Chapter Thirteen

Freya

ClimbingoutofmySUV, my entire body protests the movement, and I groan. Everything hurts.

The worst part is that I know Soren went easy on me. If I already hurt this much, how bad am I going to hurt after an actual workout? At least I know what I’m getting myself into, I guess.

I shuffle through the garage and into the house, wincing with every step. I have no idea how the hell I’m going to get up the stairs, but once I figure it out, I’m going to climb straight into the tub. I’m fairly certain I have Epsom salt I can add to it. Surely, after a long soak I’ll feel better, right?

“Freya?”

I jump at my mom’s voice, hissing as the pain radiates through my entire body. Grimacing, I turn to face her.

“What happened to you, Freya? Are you okay?” Mom rushes over, reaching for me, but pausing with her hands an inch from touching me.

“I’m okay, Mom, I promise. I just started working out again today, and my body is protesting.”

A small smile forms on my mom’s lips. “You left the house and went to work out?”

“I know it’s hard to believe, but yes.”

“I’m so proud of you, honey.” Her eyes mist with tears, and I hate seeing her like this. I know I’ve been hurting her, no matter how unintentional it’s been. “That’s twice in a week. I know it might not seem like much now, but every little bit helps. Before you know it, leaving the house won’t be so hard.”

I nod, not sure how else to respond to her words. “I’m sure it’ll make you happy to know I’ll be leaving the house most, if not all, days for the unseeable future. Oh, and I’ll be going on a nutritional plan soon. I’m supposed to get it tomorrow. I’m sorry, I know that’ll cause you and Cook more work—“

“Oh, that’s just fine, honey. Cook and I will be more than happy to make anything you need.” Mom pulls me in for a hug, making sure not to squeeze me too tight. For a moment, I just stand there before closing my arms around her, eyes falling shut. I can’t remember the last time my mom hugged me like this, and I never want to leave.

“I’ve been so worried about you, honey. I know you have to deal with the loss of Freyr in your own way, but I was so afraid I was going to lose you, too. I didn’t know what to do to help you. You’ve been wasting away right in front of my eyes, and there wasn’t a damn thing I could do about it.” I can hear tears in my mom’s whispered words. Guilt hits me square in the chest.

I don’t think there’s anything I could have done to prevent the events of the last six months. I was just too lost in my grief, but I hate that I made my mom feel like this. She didn’t deserve this.

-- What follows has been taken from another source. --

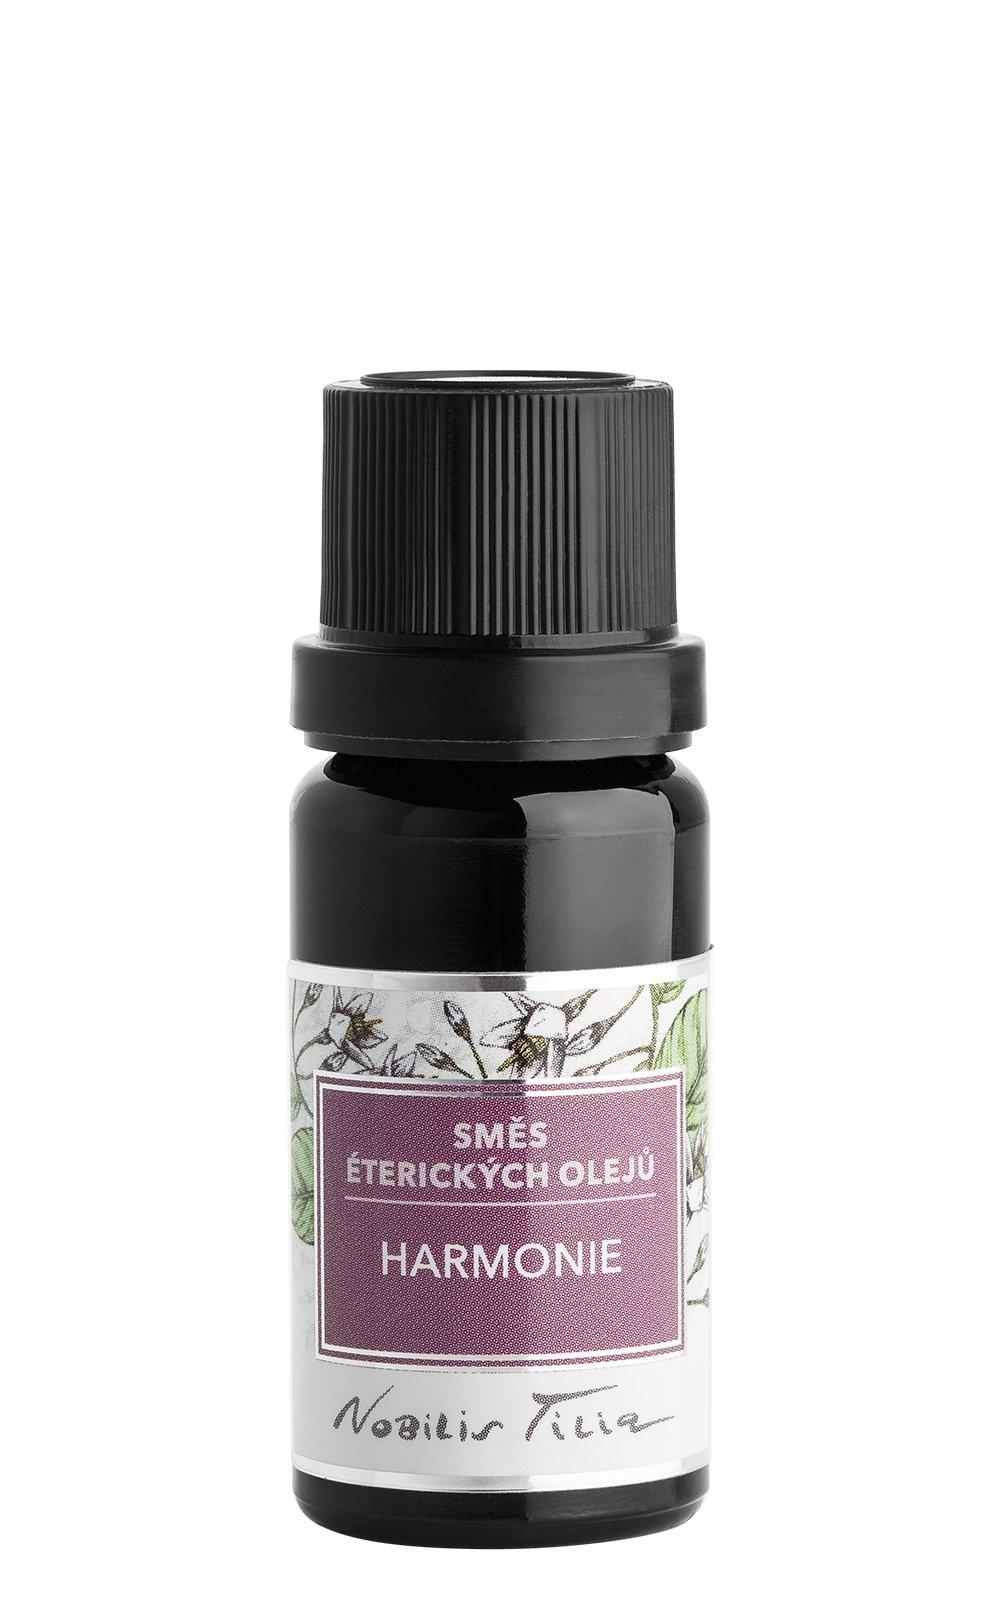 Směs éterických olejů Harmonie: 10 ml

“I’m sorry,” I manage to choke out, now fighting tears of my own.

Mom pulls back, lifting her hands to cup my face. “No, baby. Don’t apologize. I know it’s been hard for you, and you’ve been doing the best you can. I just hope you never have to watch your children fading away before your eyes, knowing there’s nothing you can do to help them.”

Tears spill down my cheeks as I stare at my sobbing mom. I can’t imagine what she’s been going through. First losing Freyr, and then watching me lose myself. Not to mention the issues she’s had with my dad. I still don’t know why she’s staying with him, but I can’t find it in me to ask. She’s hurting enough already. I won’t make anything harder on her.

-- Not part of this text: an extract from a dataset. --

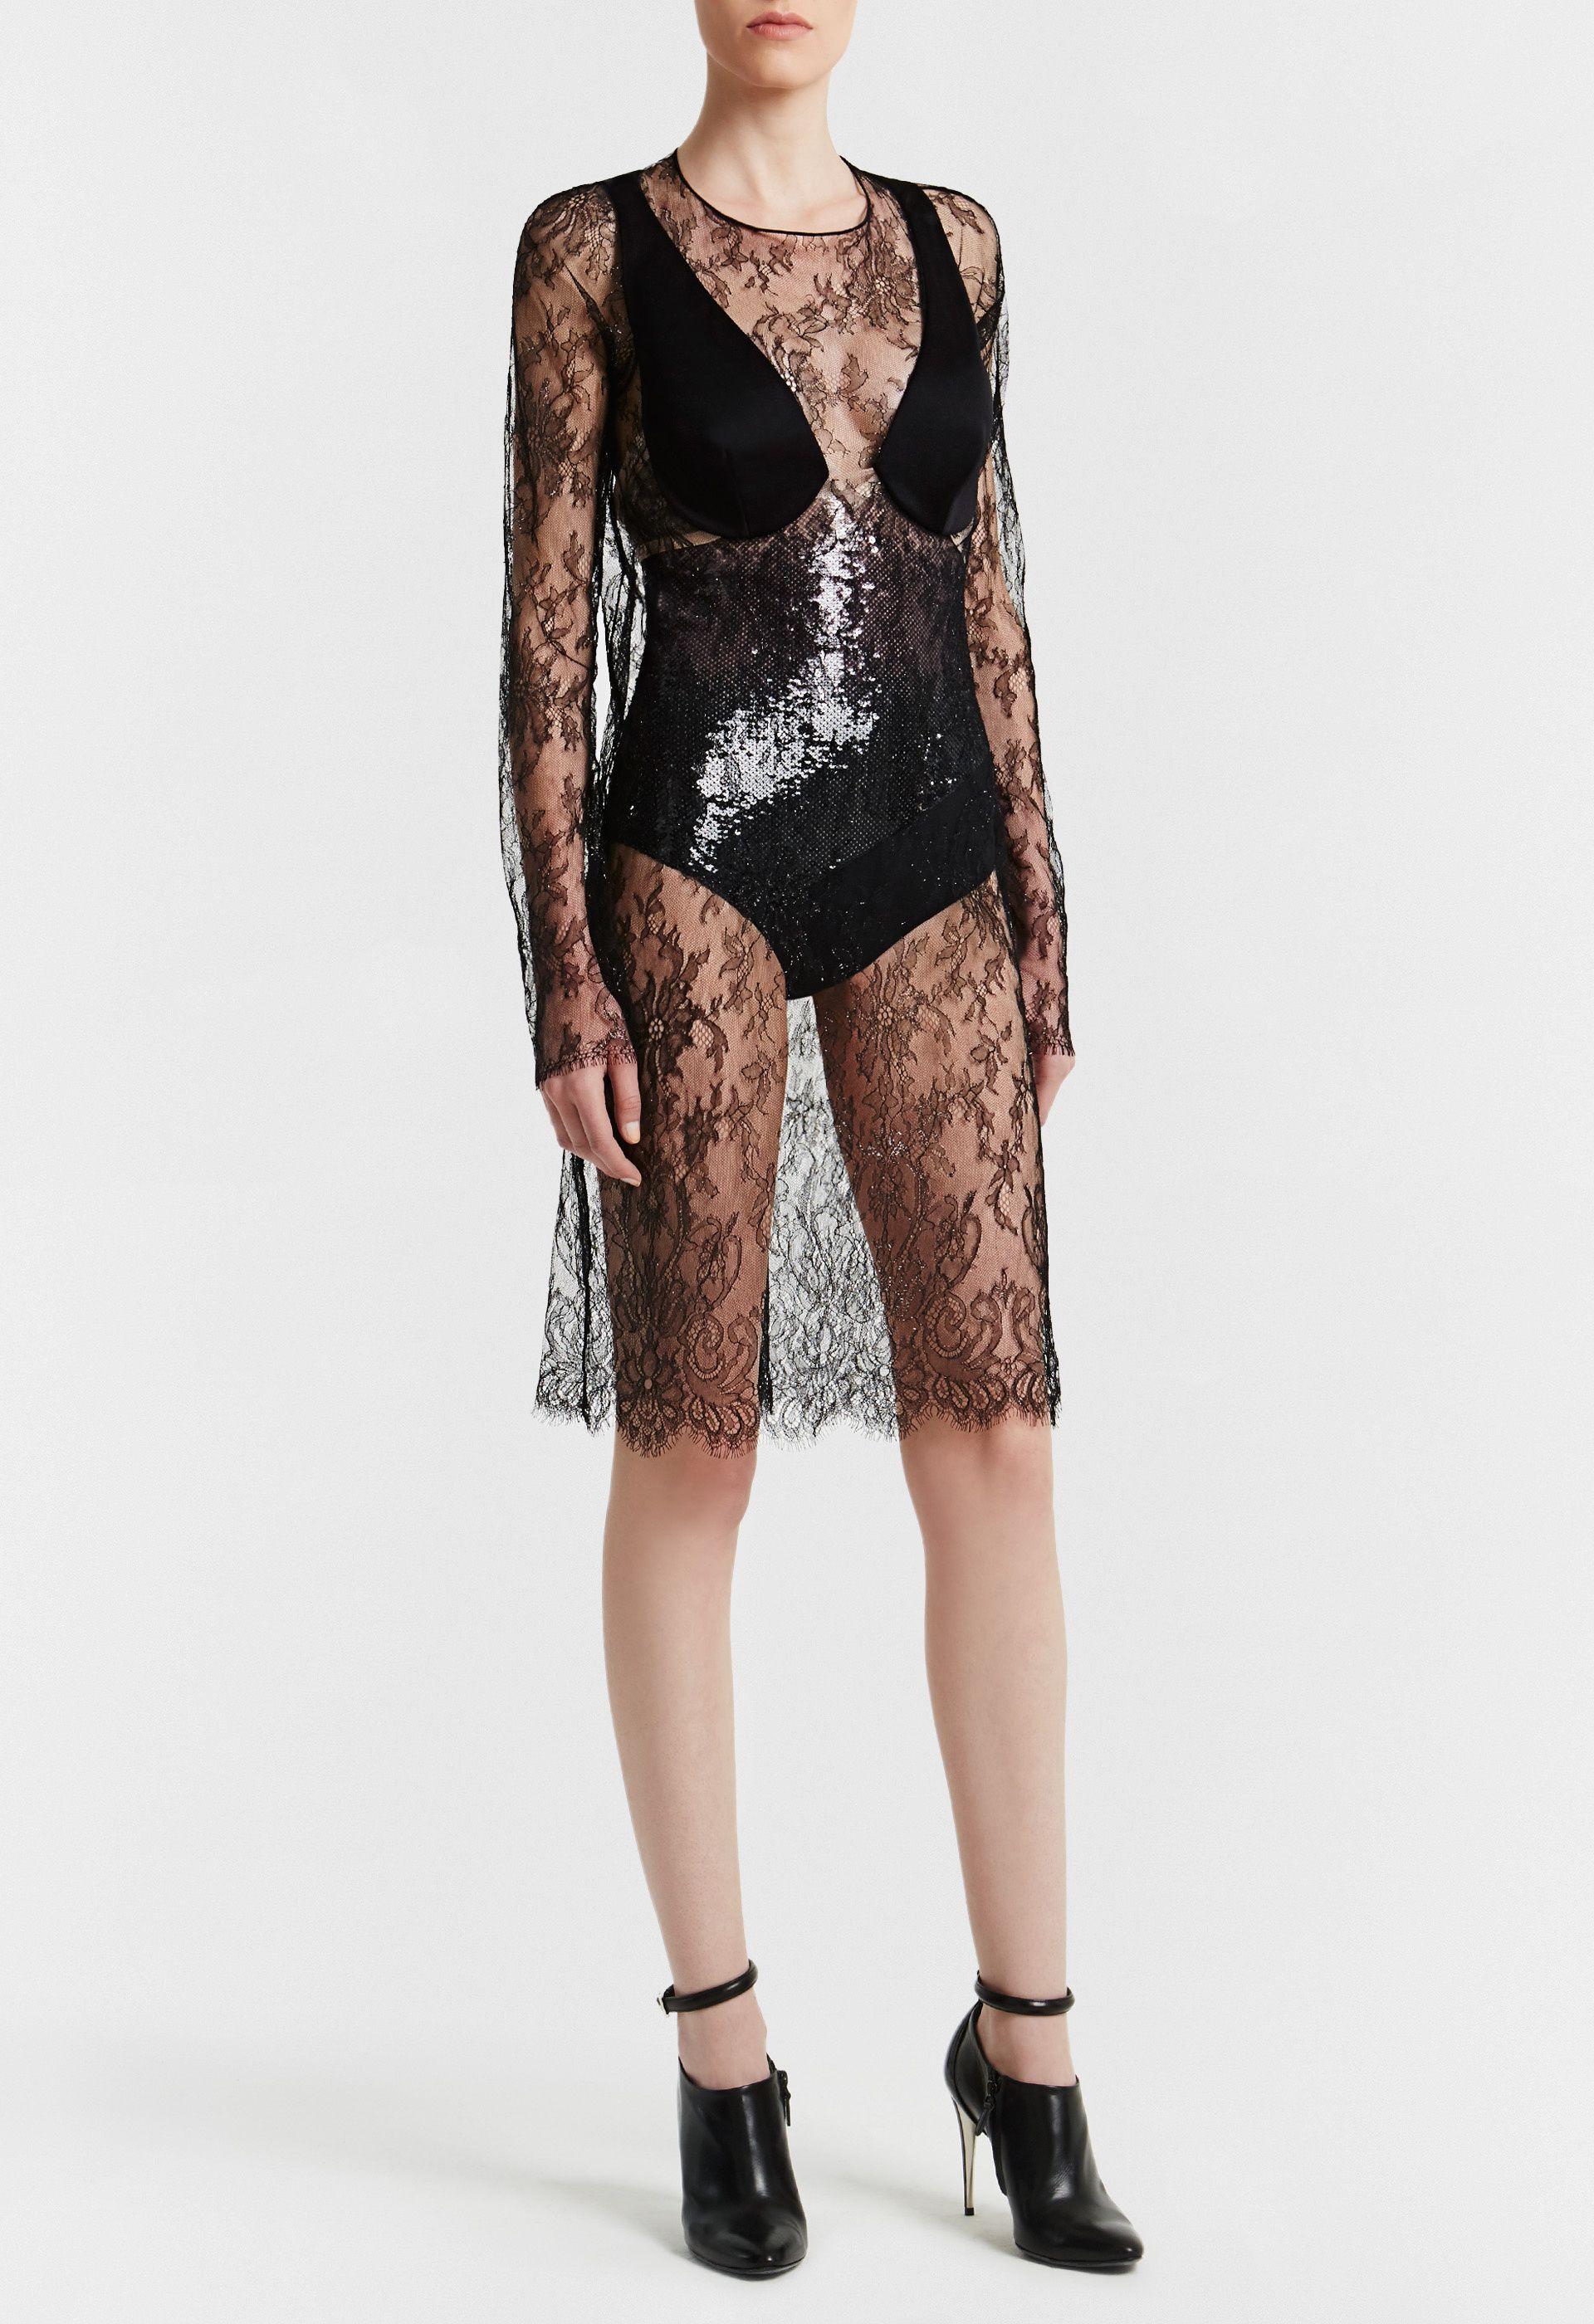 LA PERLA | Robe à armatures #laperlalingerie #lingerie

“I promise I’m trying, Mom. I really am.” I sniffle. “I found a gym and found a trainer. They’re going to get me to a healthy weight with the nutrition plan, and then I’m going to get in shape. Tomorrow, I’ll start looking for a therapist.”

“I can help you with that.”

I shake my head. “No, thank you. I appreciate the offer, but I’ve made some friends online who’ve dealt with some of the same things I have over the last few months. They’ll know how to help me find the right person to help me.”

Mom looks like she wants to argue, but eventually, she nods. “I understand. You’ll let me know if you change your mind?”

“Of course, Mom. Thank you.” I hesitate for a moment. “I love you.”

“Oh, baby, I love you, too.” She pulls me in for another hug, and I melt into her embrace once more. I don’t know how long we stand there, but eventually she pulls away. “How about I go draw you a bath? I’ve got some Epsom salts we can use and a lovely lavender bubble bath. How does that sound?”

“Like heaven.” I laugh. “I just don’t know how I’m going to get up the stairs.”

Mom laughs. “It hurts that bad?”

“Worse,” I whine, causing her to laugh even harder.

“Cook is still here. Let me grab him, and he can help you up the stairs while I get your bath ready.”

“No, Mom. That’s not Cook’s job,” I call after her.